Card image cap
Arif nihat asya

Arif Nihat Asya, 7 Şubat 1904'te İstanbul Çatalca'da doğdu, 5 Ocak 1975'te Ankara'da yaşamını yitirdi. İstanbul Üniversitesi Yüksek Öğretmen Okulu Edebiyat Bölümü'nü bitirdi. Adana, Malatya, Edirne, Tarsus, Ankara ve Kıbrıs'taki liselerde edebiyat öğretmenliği yaptı. 1950-1954 arasında Seyhan (Adana) milletvekili olarak Türkiye Büyük Millet Meclisi'nde bulundu. Milletvekilliğinden sonra tekrar öğrtemenliğe döndü. Ankara Gazi Lisesi edebiyat öğretmeni iken 1962'de emekliye ayrıldı. İstanbul'a döndü. Yeni İstanbul ve Babıli'de Sabah gazetelerinde yazılar yazdı.
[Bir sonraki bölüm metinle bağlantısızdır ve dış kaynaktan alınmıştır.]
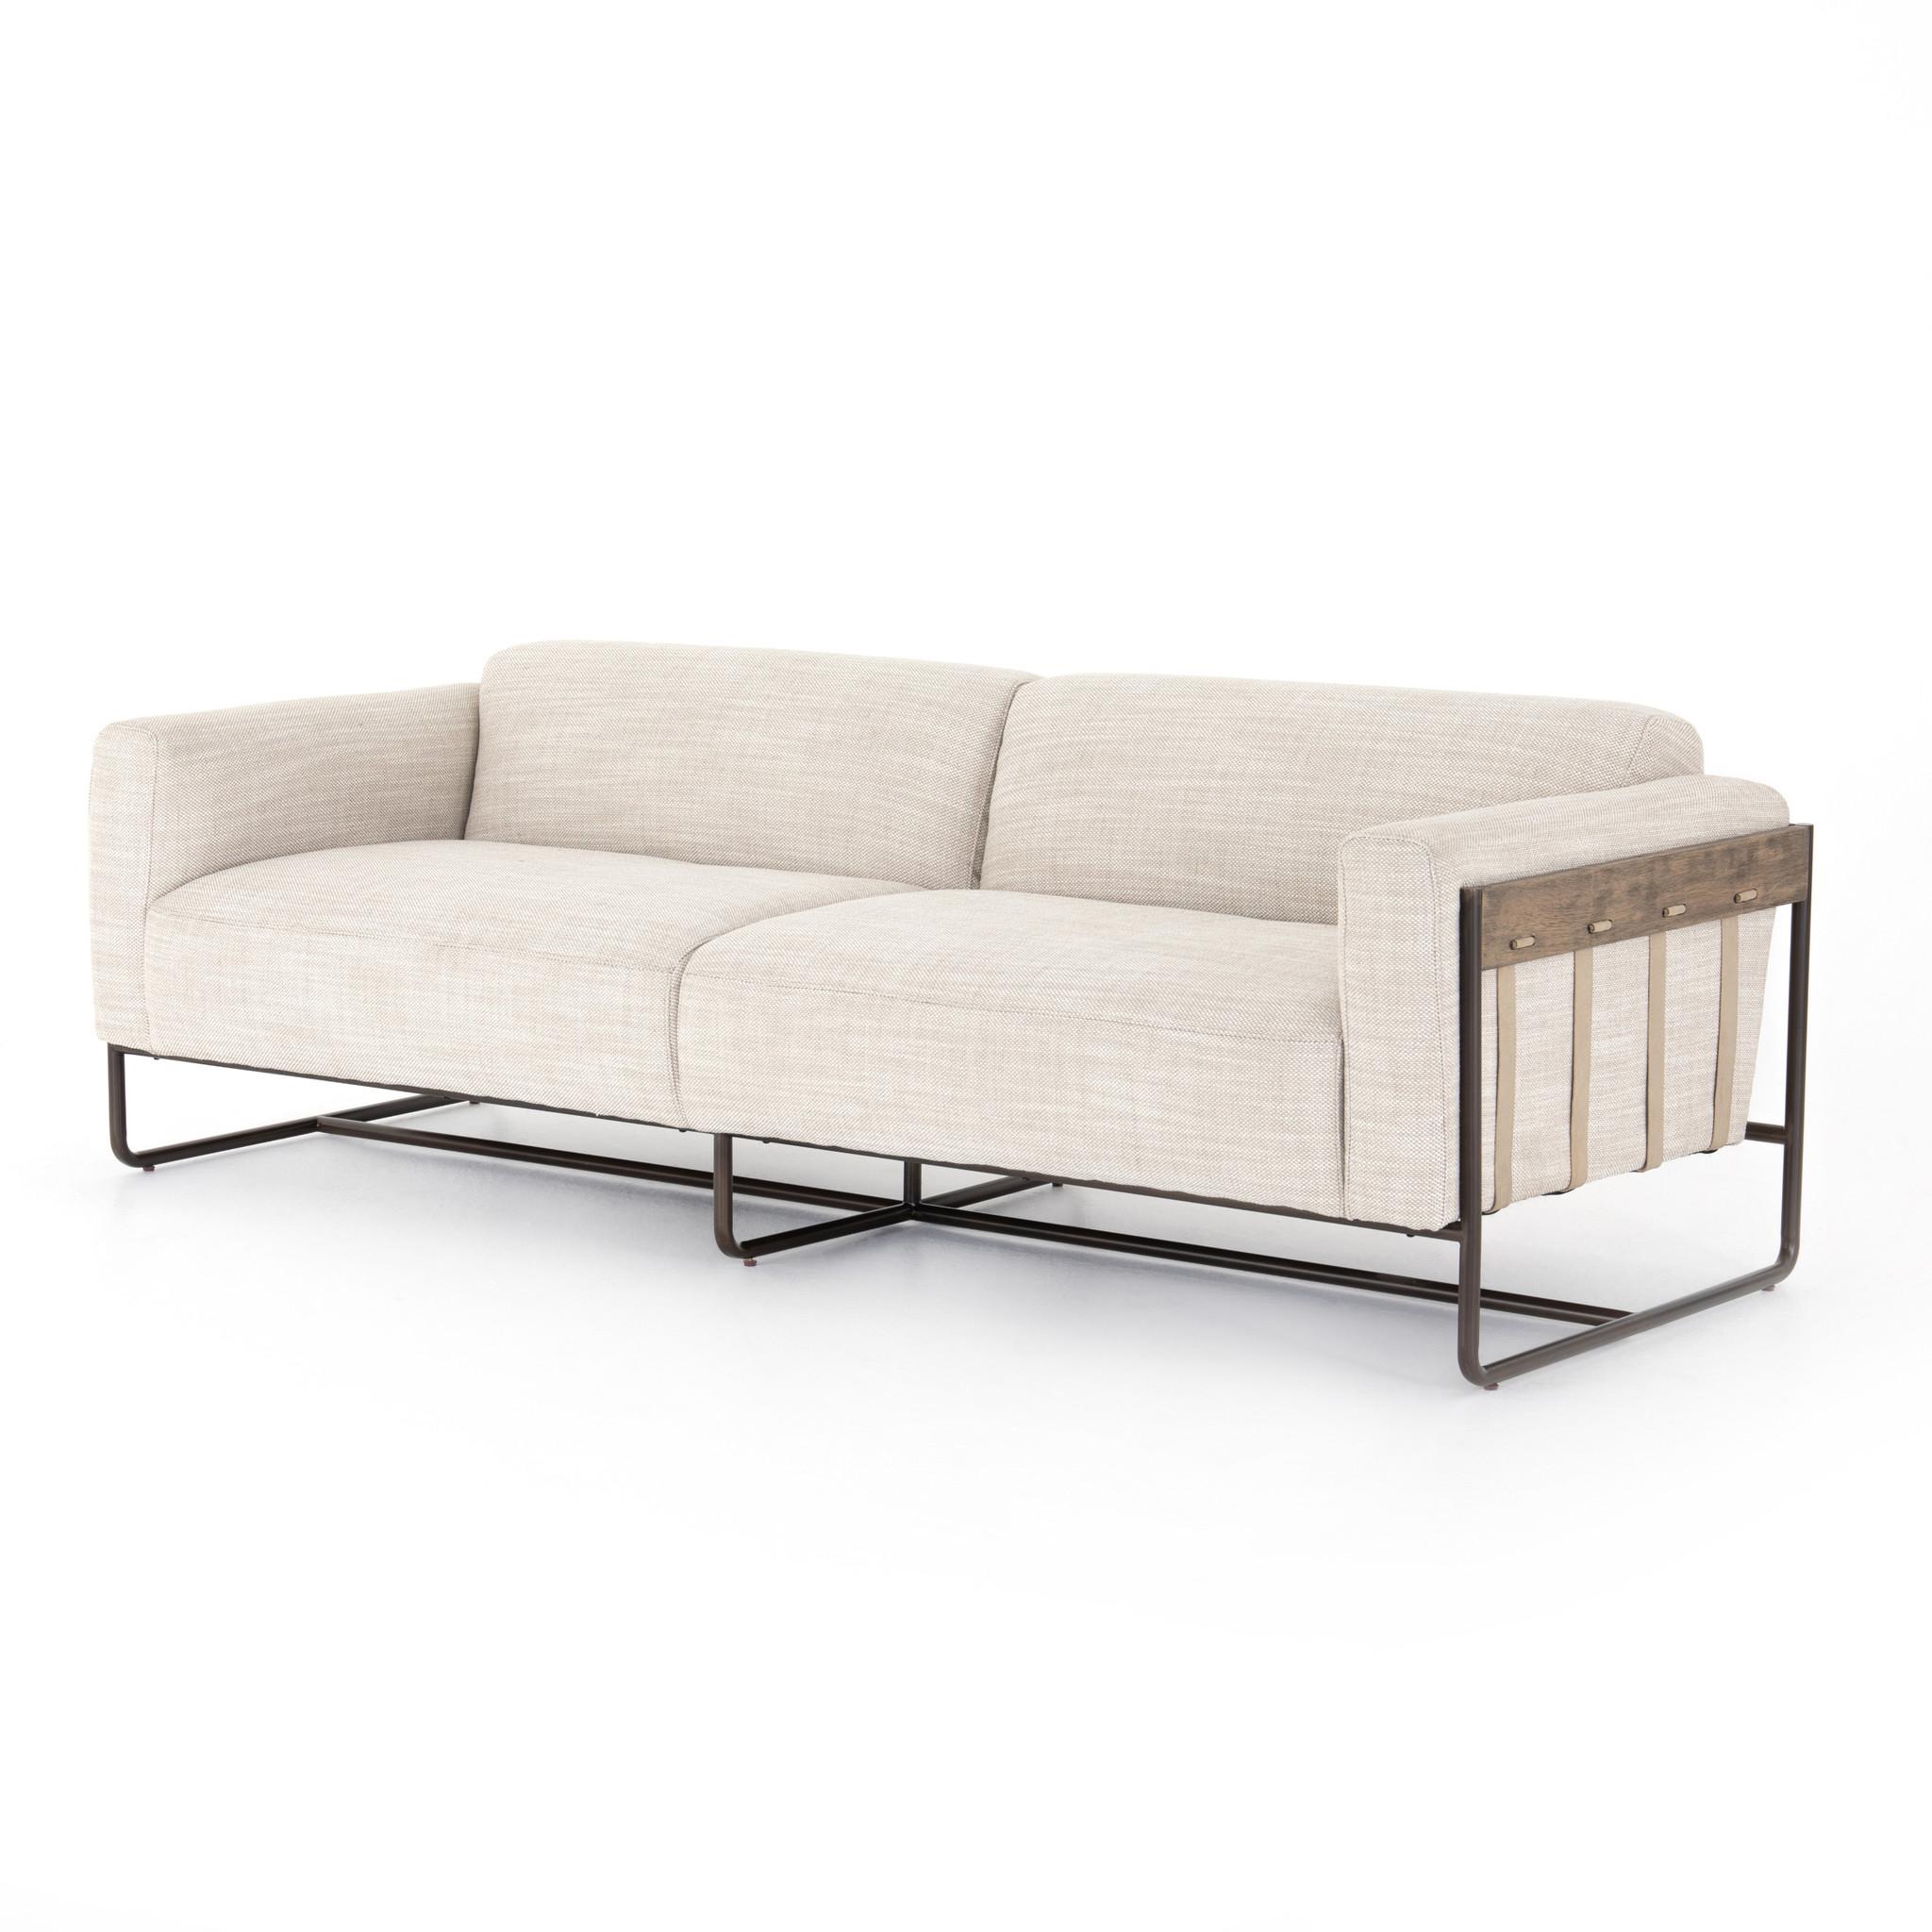 Kolbey Sofa

Şiirlerinde hece, arûz ve serbest vezinleri kullanan Arif Nihat, nazmın her tür ve şekliyle eserler vermiştir. Fikrin ağır bastığı şiirlerinde milliyetçilik konusu büyük bir yer tutar. Çok renkli ve değişik biçimli şiirler yazmış olan Asya, son şiirlerinde biraz da mistisizme yönelmiştir. Şiirinde daima bir yenileşme çabası içinde olan şair, etkilerden uzak kalarak kendine özgü bol renkli şiir dünyasını yaratmıştır.
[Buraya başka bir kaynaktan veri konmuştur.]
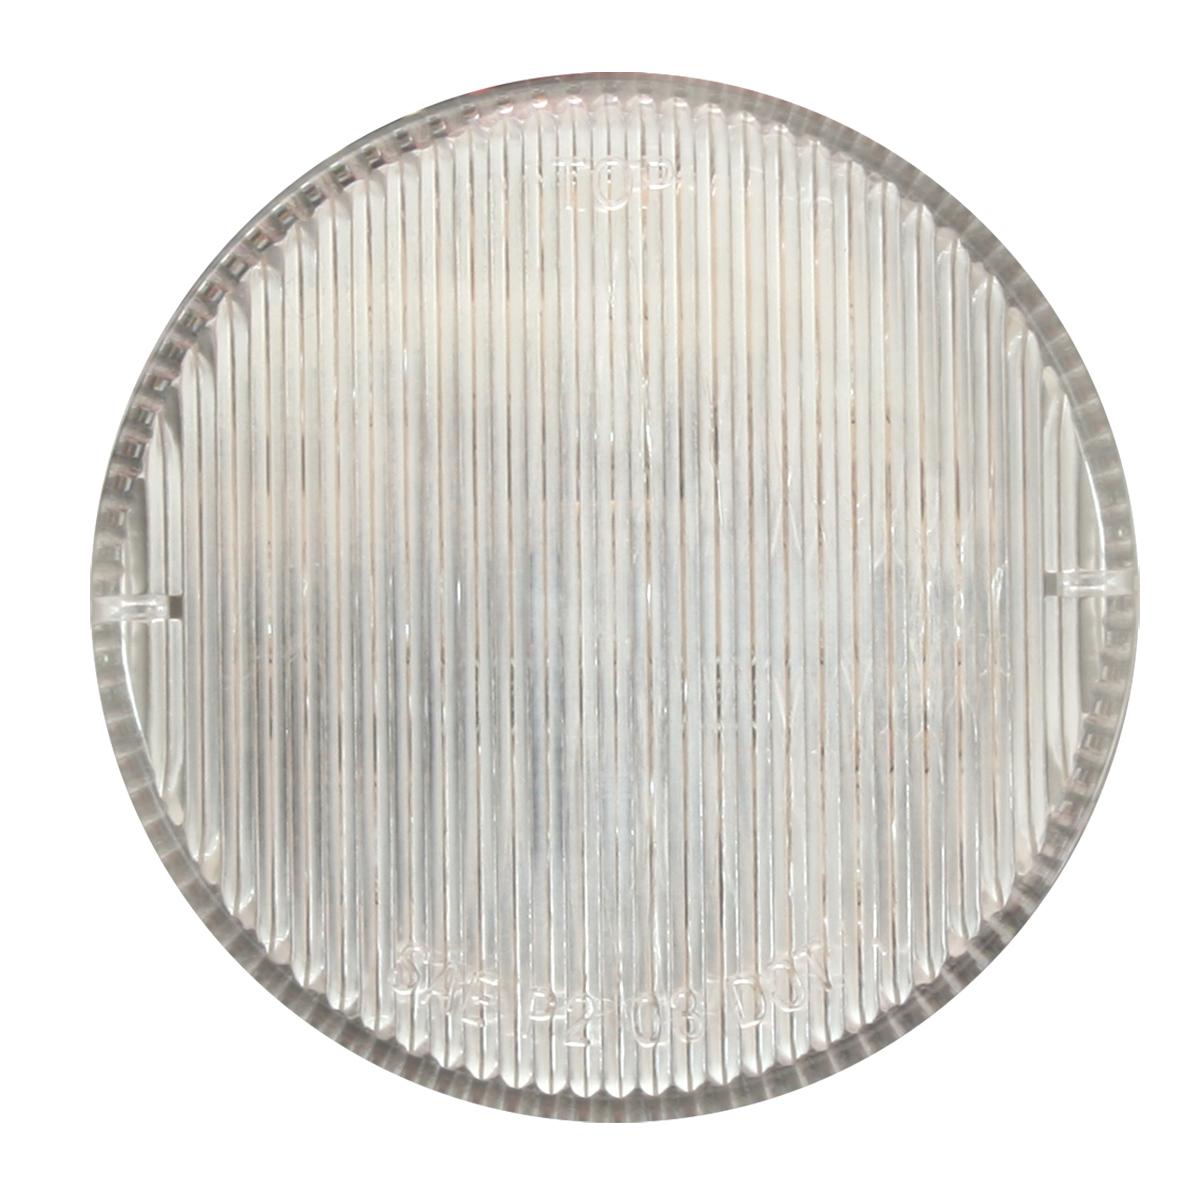 "2-1/2"" Round Fleet Marker Light in Clear Lens"

Güzel ve zarif benzetmelerin yanı sıra, keskin zekâsının, şakacı mizâcının mahsûlü olan nükteleri, hicivleri, kelime oyunları üslûbunu tamamlayan önemli unsurlardır. Tarihimizin şanlı sayfalarını şiirleştiren şair, Rubai türünün yeni Türk edebiyatında önemli şahsiyetlerinden kabul edilir. Bayrak ve vatan, onun mısralarında en usta anlatıcısını bulmuştur.


ESERLERİ

ŞİİR:

Heykeltıraş (1924)
Yastığımın Rüyası (1930)
Ayetler (1936)
Bir Bayrak Rüzgar Bekliyor (1946)
Kubbe-i Hadrâ (Mevlana üzerine, 1956)
Kökler ve Dallar (1964)
Emzikler (1964)
Dualar ve Aminler (1967)
Aynalarda Kalan (1969)
Bütün Eserleri (1975-1977)
Rubaiyyat-ı Ârif (rubailer, 1956)
Kıbrıs Rubaileri (rubailer, 1964, 1967)
Nisan (rubailer, 1964)
Kova Burcu (rubailer, 1967)
Avrupa'dan Rubailer (1969)
Şiirler (Ahmet Kabaklı derledi, 1971)
Bütün Eserleri (1975-1977, Ötüken Yayınları)

DÜZYAZI:

Kanatlar ve Gagalar (özdeyişler, 1946)
Enikli Kapı (makaleleri, 1964)

 

BAYRAK

Ey mavi göklerin beyaz ve kızıl süsü,
Kız kardeşimin gelinliği, şehidimin son örtüsü,
Işık ışık, dalga dalga bayrağım!
Senin destanını okudum, senin destanını yazacağım.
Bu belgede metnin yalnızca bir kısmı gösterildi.